Time for Bills fans to give up any nose tackle, backup quarterback draft ideas
The ship has sailed on these specific team-building ideas
INDIANAPOLIS, INDIANA - FEBRUARY 25: General manager Brandon Beane of the Buffalo Bills speaks at the podium during the 2025 NFL Combine at the Indiana Convention Center on February 25, 2025 in Indianapolis, Indiana. (Photo by Brooke Sutton/Getty Images) | Getty Images Brandon Beane isn’t going to do it. General Manager and President of Football Operations Brandon Beane is approaching his nine-year anniversary with the Buffalo Bills.

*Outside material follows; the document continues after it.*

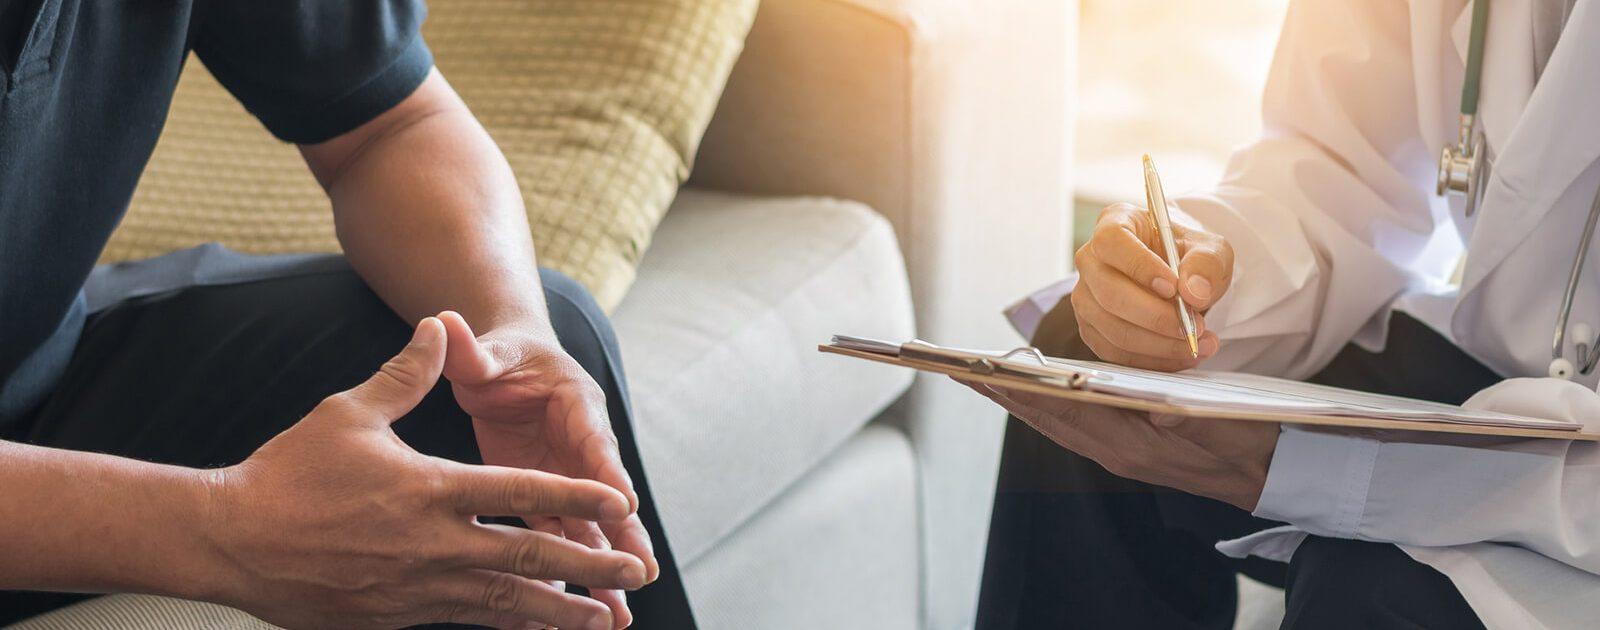 Arzt diagnostiziert Prostatakrebs bei einem Mann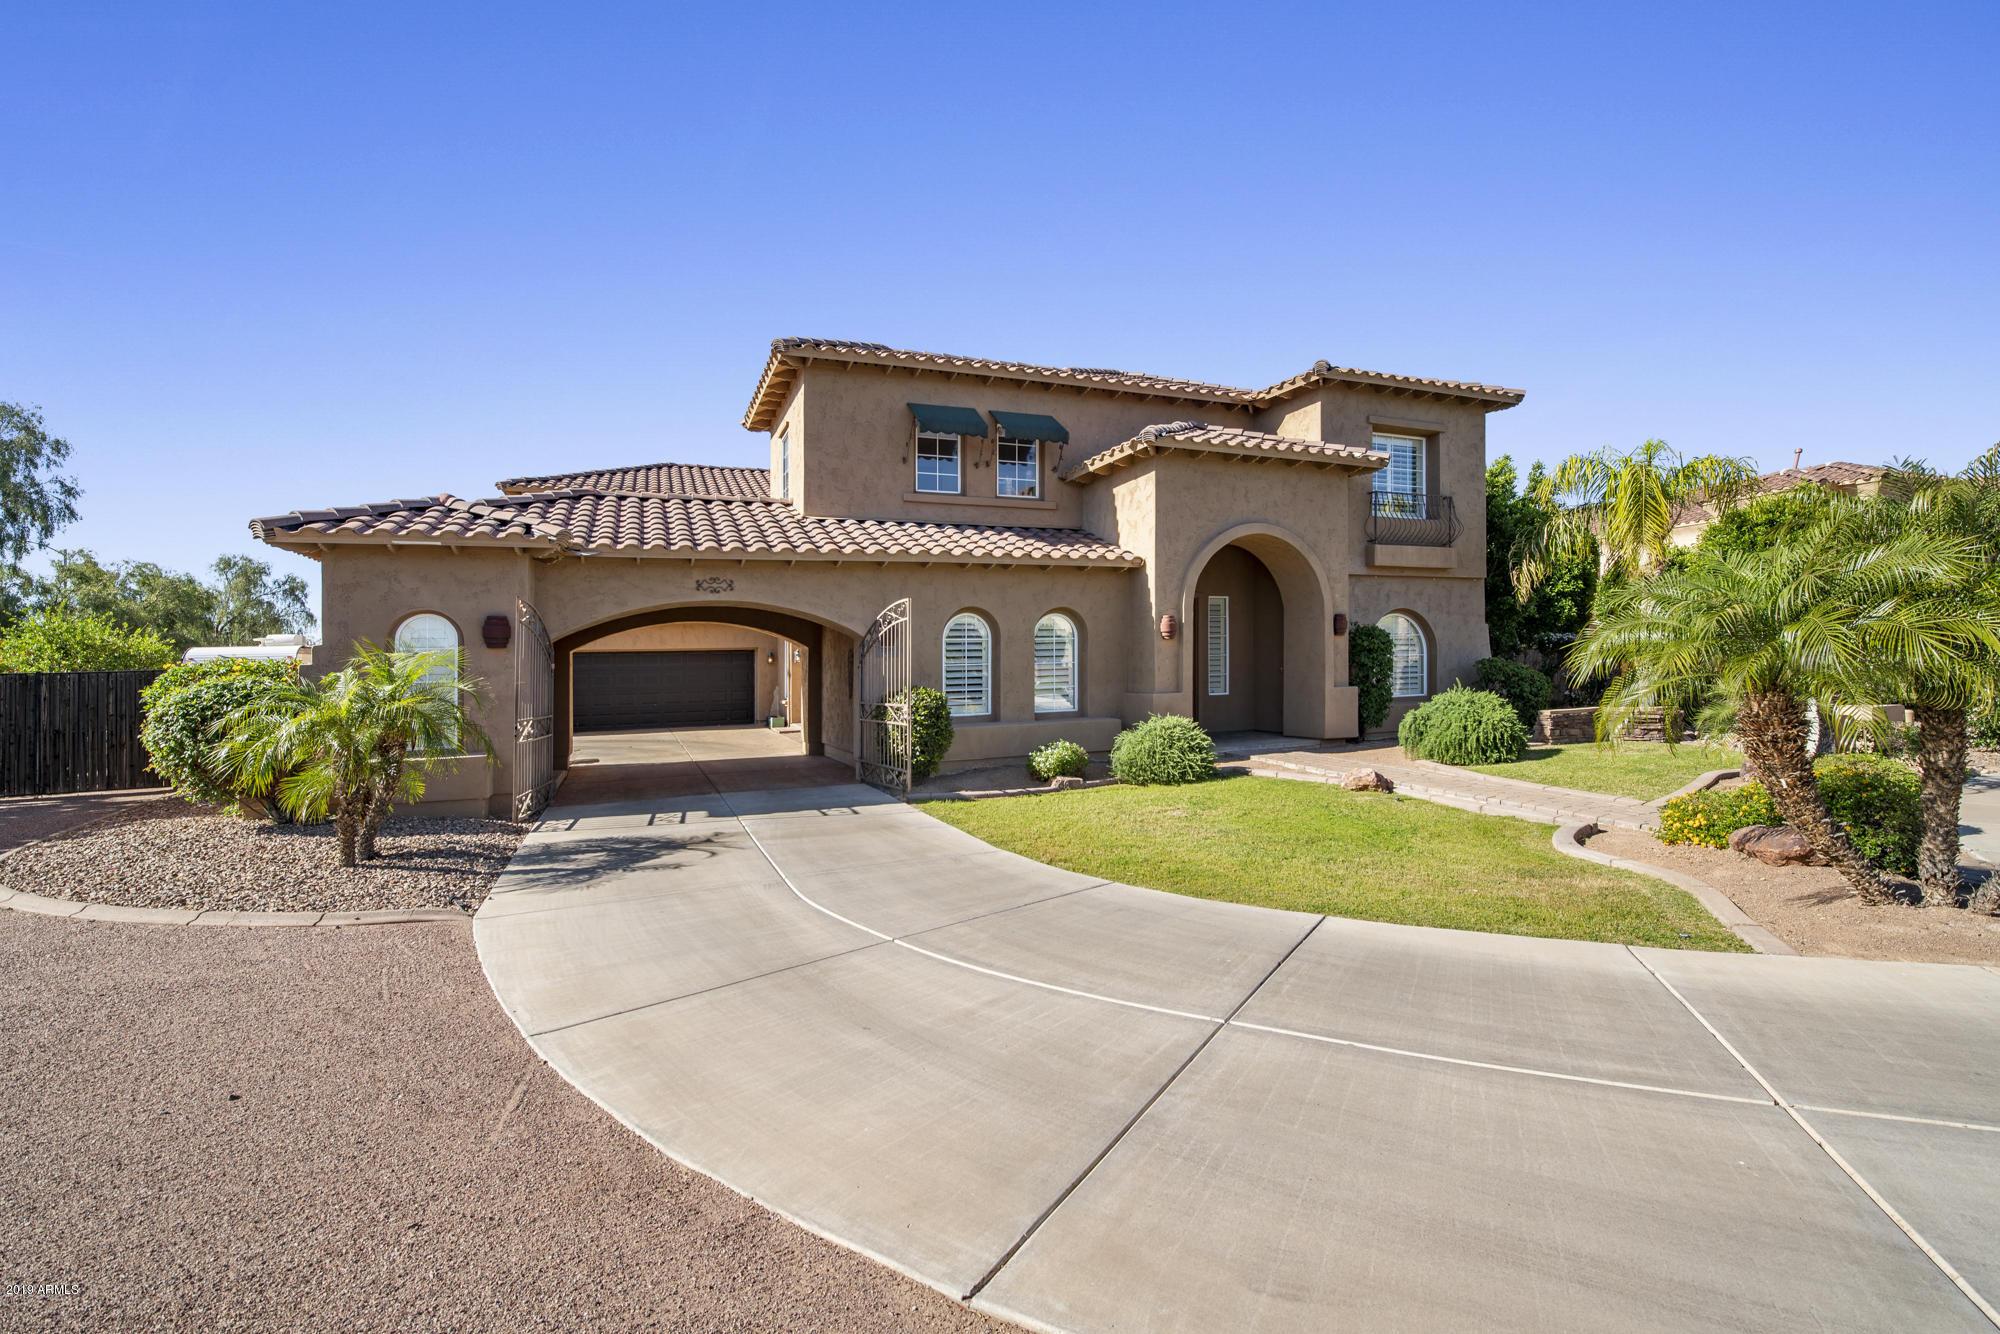 Photo of 7119 W MARIPOSA GRANDE Lane, Peoria, AZ 85383

What feels like a lifetime in NFL time has brought with it one of the most successful runs in terms of win/loss record of any team in professional sports. And through most of those nine years, Beane has been working with Sean McDermott. Given the long-term relationship between the two of them (this period in Bills history even being referred to as “The McBeane Era”), one would be forgiven for being unable to clearly separate what part of the team’s personnel philosophy was Brandon Beane and what part was Sean McDermott.
With the firing of McDermott and the subsequent hiring of former offensive coordinator and in-house candidate Joe Brady (not to mention the restructuring of the organization to make the new head coach directly report to Beane), the opportunity to isolate the variable has come into play when discussing the Buffalo Bills’ personnel moves. How much different would they be now that the team’s general manager and head coach were not both reporting to the owner of the team? Would be a Brandon Beane-centric vision look different than the one he shared with Sean McDermott?
As it relates to a traditional two-gapping nose tackle and the backup quarterback position, the answer appears to be a resounding “no”. There are two specific personnel philosophies that some Bills fans have come back to every offseason: 1. will the Bills seek an answer to their traditionally suboptimal run defense by investing in a traditional two-gapper at defensive tackle, one with the ability to not just add mass to a starting front that includes undersized Ed Oliver but also to free up linebackers to run to the ball and 2.